A couple from Townsville bought a “Richmond Bridge” and a “Silent Disco” print. A young lady, looking for a gift for her girlfriend, who lives in the Richmond, Tasmania area, bought her a “Two to Tango” tote bag. This is another tailored made gift because this girlfriend has a male and female emu as pets!! Their names are Ernie and Bert! 😊 Emus as pets are unusual pets but having emu pets in Tasmania is even more unusual because they are not endemic to Tasmania. The emus Tasmania used to have, have been extinct for over 100 years. https://theunfurlingartist.wordpress.com/2020/02/03/the-study-of-emu-poo/
I was pretty keen on packing up and getting away as soon as the gates opened. I was making good time and everything was fitting back into the car quite well and when I finished, I saw my gazebo standing there trying to look inconspicuous. Arg. I had to unpack half the car to pack it again, then got home and unpacked again and then headed out to the Welcome Swallow Brewery’s opening celebrations. https://www.welcomeswallow.com.au/ It’s an awesome venue and space. It was a great evening with amazing tasting boutique beer, made from Nigel’s homegrown, organic hops and raspberries.
I hope that you are staying warm and safe inside this week.
Australia’s early settlers hunted emus for food and as a result the emus that were abundant in Tasmania and Australia’s east coast disappeared.
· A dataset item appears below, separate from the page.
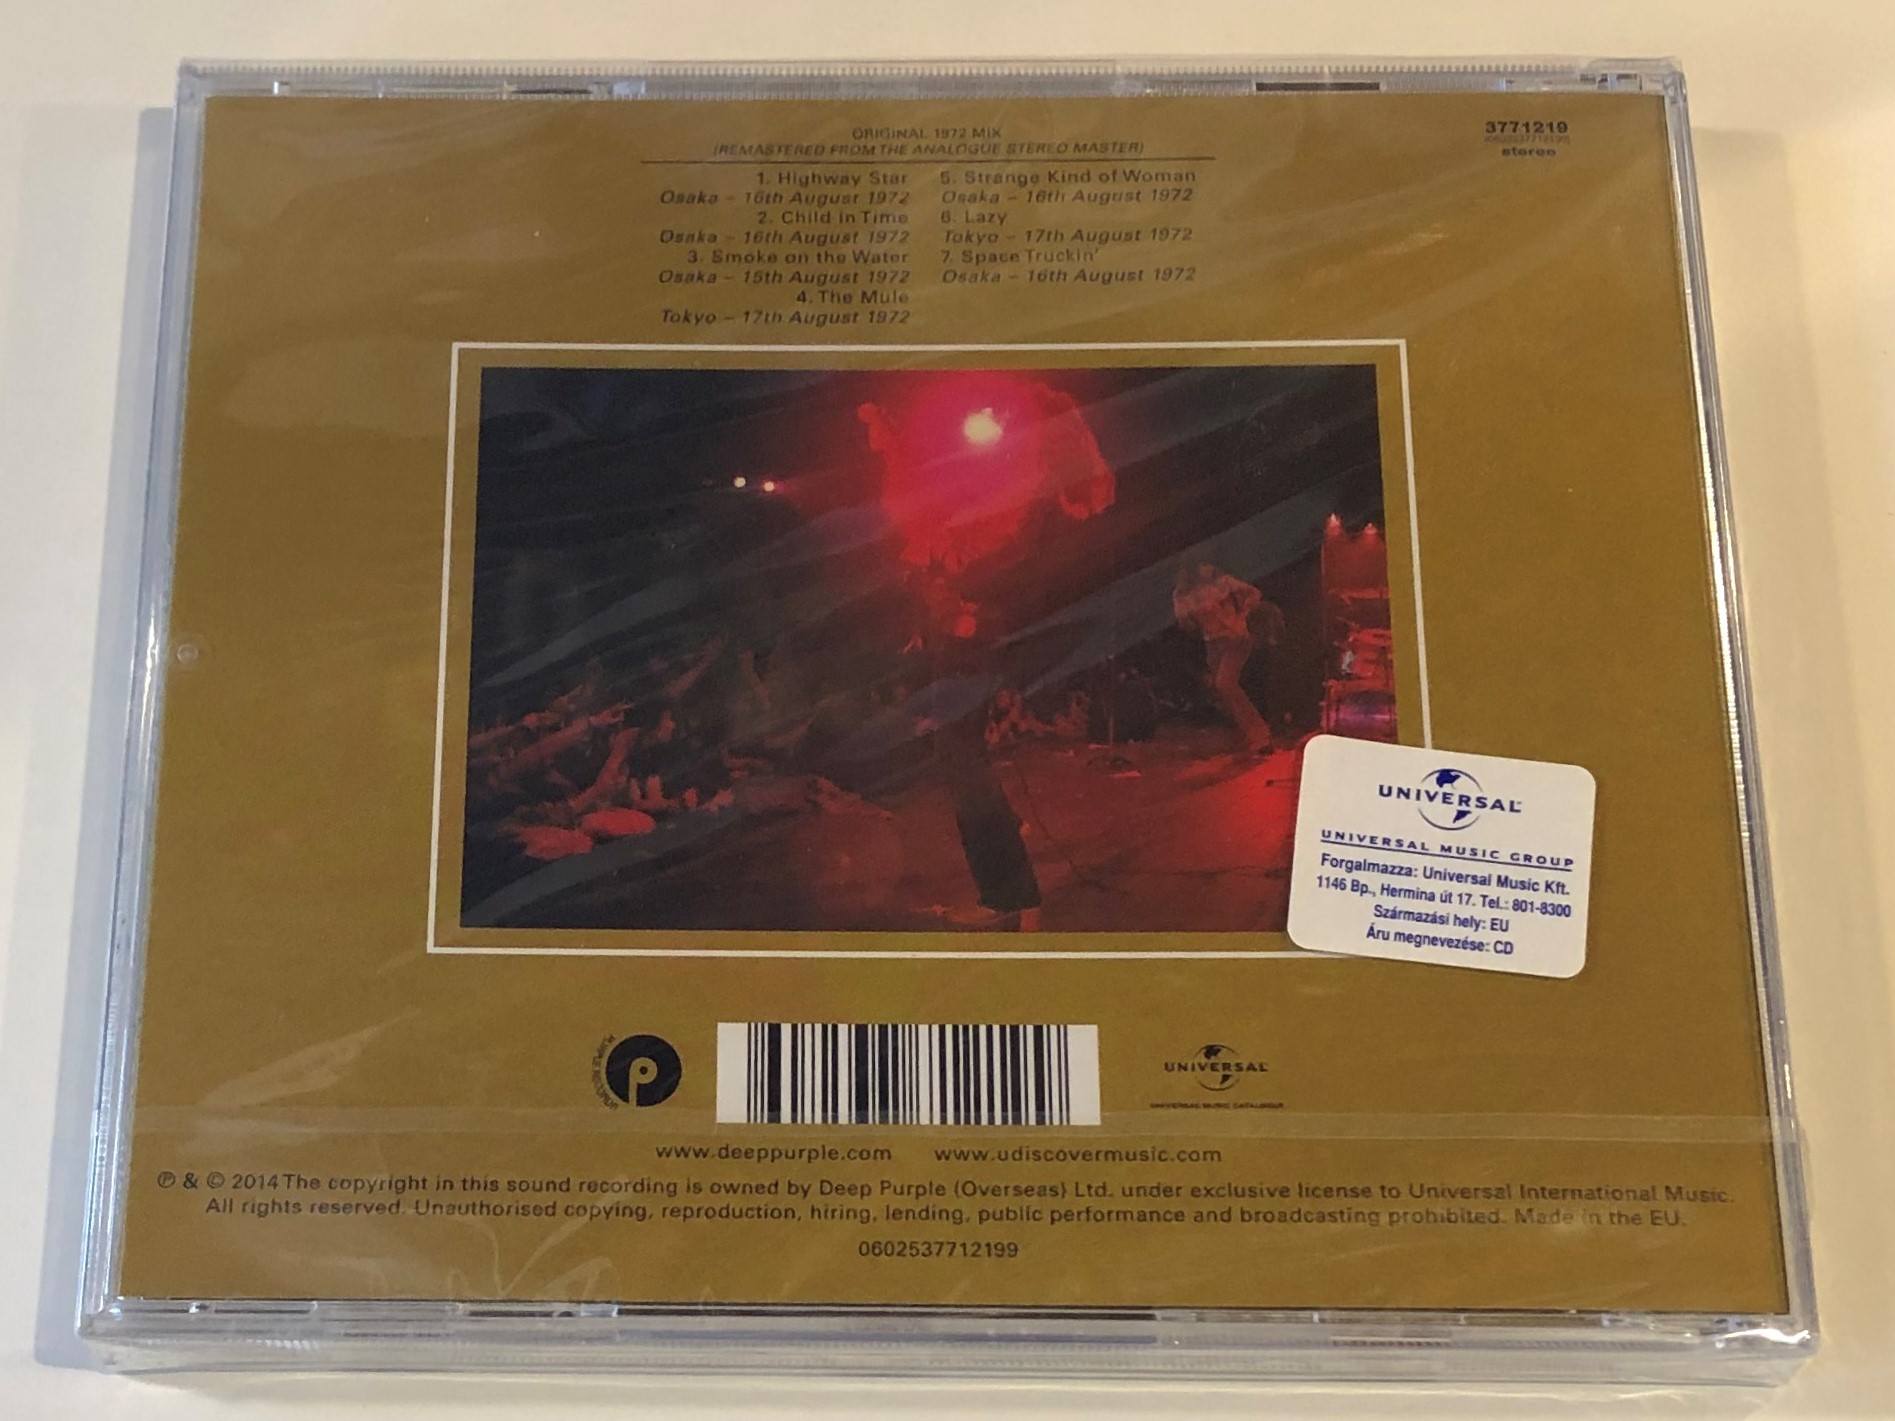 deep-purple-made-in-japan-universal-music-group-audio-cd-2014-stereo-3771219-2-.jpg
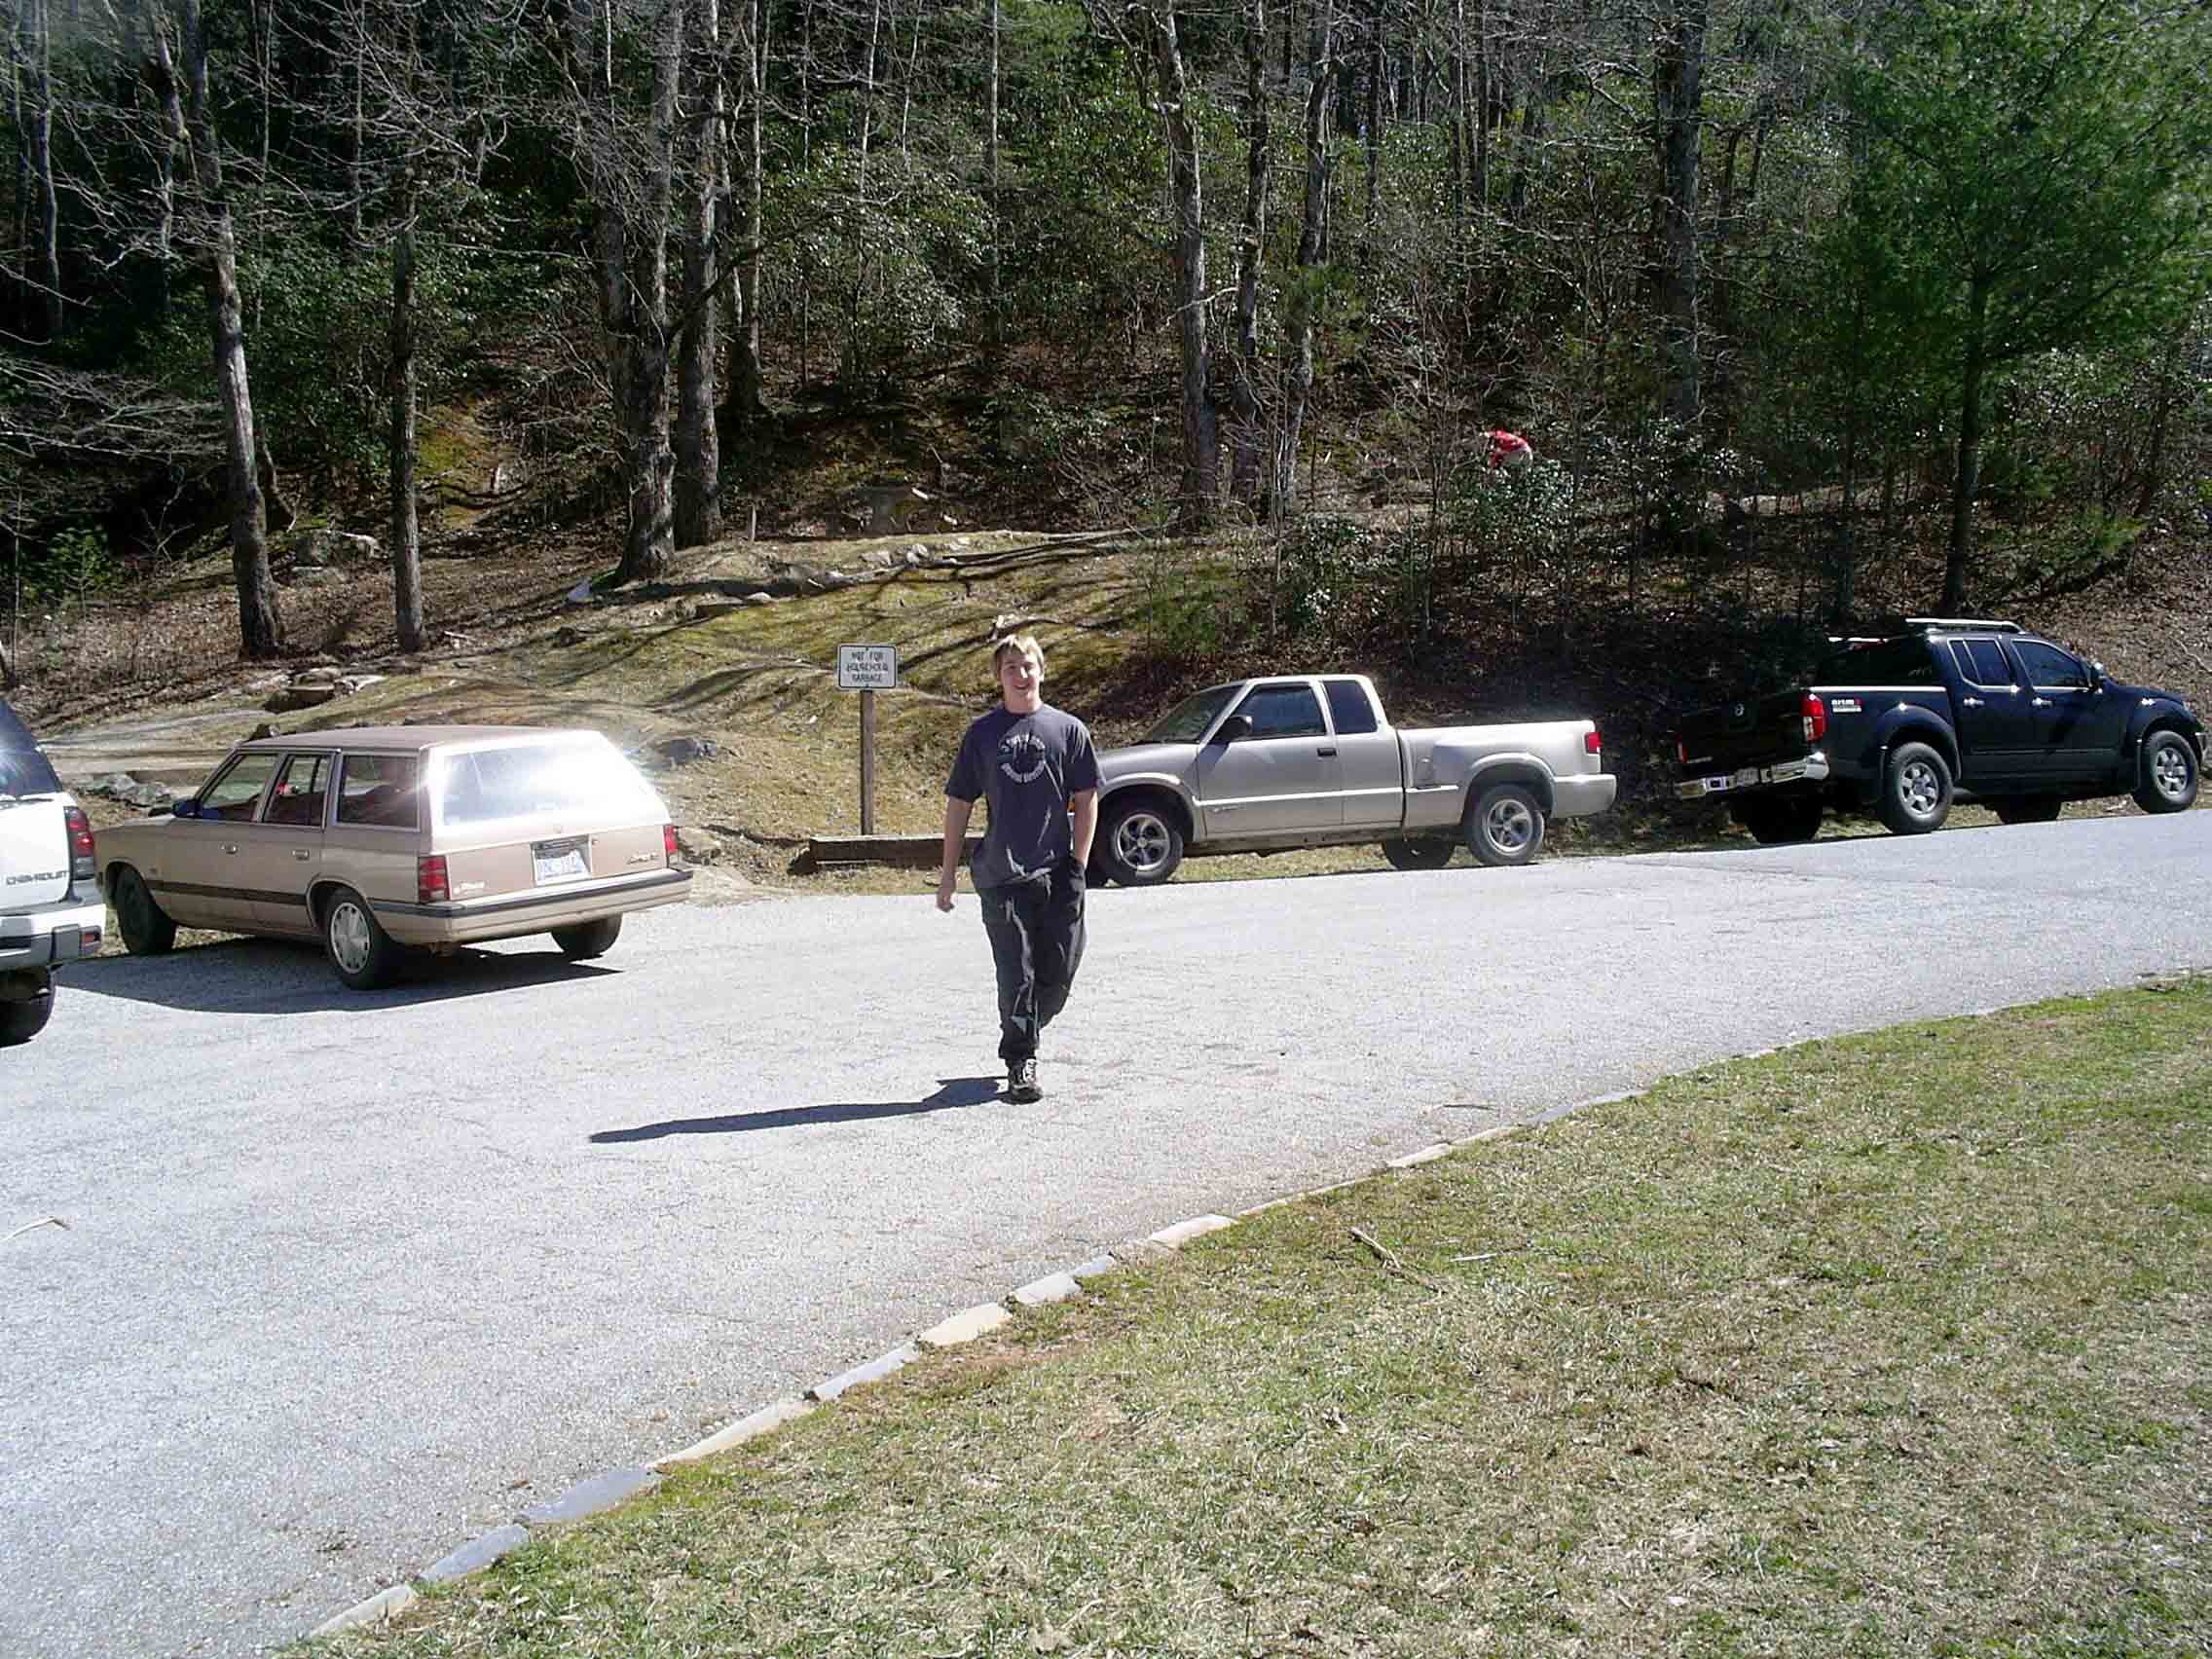 mm 8.8 - Bodyguard at Dick's Creek Gap parking lot, GA(US 76). Courtesy skidsteer @ alltel.net

Today, only one population remains in existence, aside from the thriving Australian inland emus, the coastal emu. The New South Wales (NSW) Government, in 2002, listed the coastal emus as an endangered population as its numbers were, and continues to be, in steep decline.
The coastal emu is genetically distinct from the inland emu and an important seed disperser. It travels large distances and plays an important role in the regeneration of native species. Other species do a similar service but not to the same capacity. If the coastal emu is lost from the ecosystem it will reduce diversity and populations of species that depend on the plants, not to mention the loss of another emu species.
A concerted effort is necessary to save an endangered species with numbers as low as the coastal emu. It is encouraged that sightings of coastal emus and/or nests are reported to The Coastal Emu Register. Identifying nesting sites can help target feral animal control at the local level. Tracking the seasonal movements of the emus, will help build an understanding of the survival rates of adults and chicks, and whether a captive breeding may be required to re-build the number of Coastal Emus found in the wild.
If you are out and about coastal emu spotting, for accuracy sake, please be aware that there are also adventuresome PJ Paintings emus running around.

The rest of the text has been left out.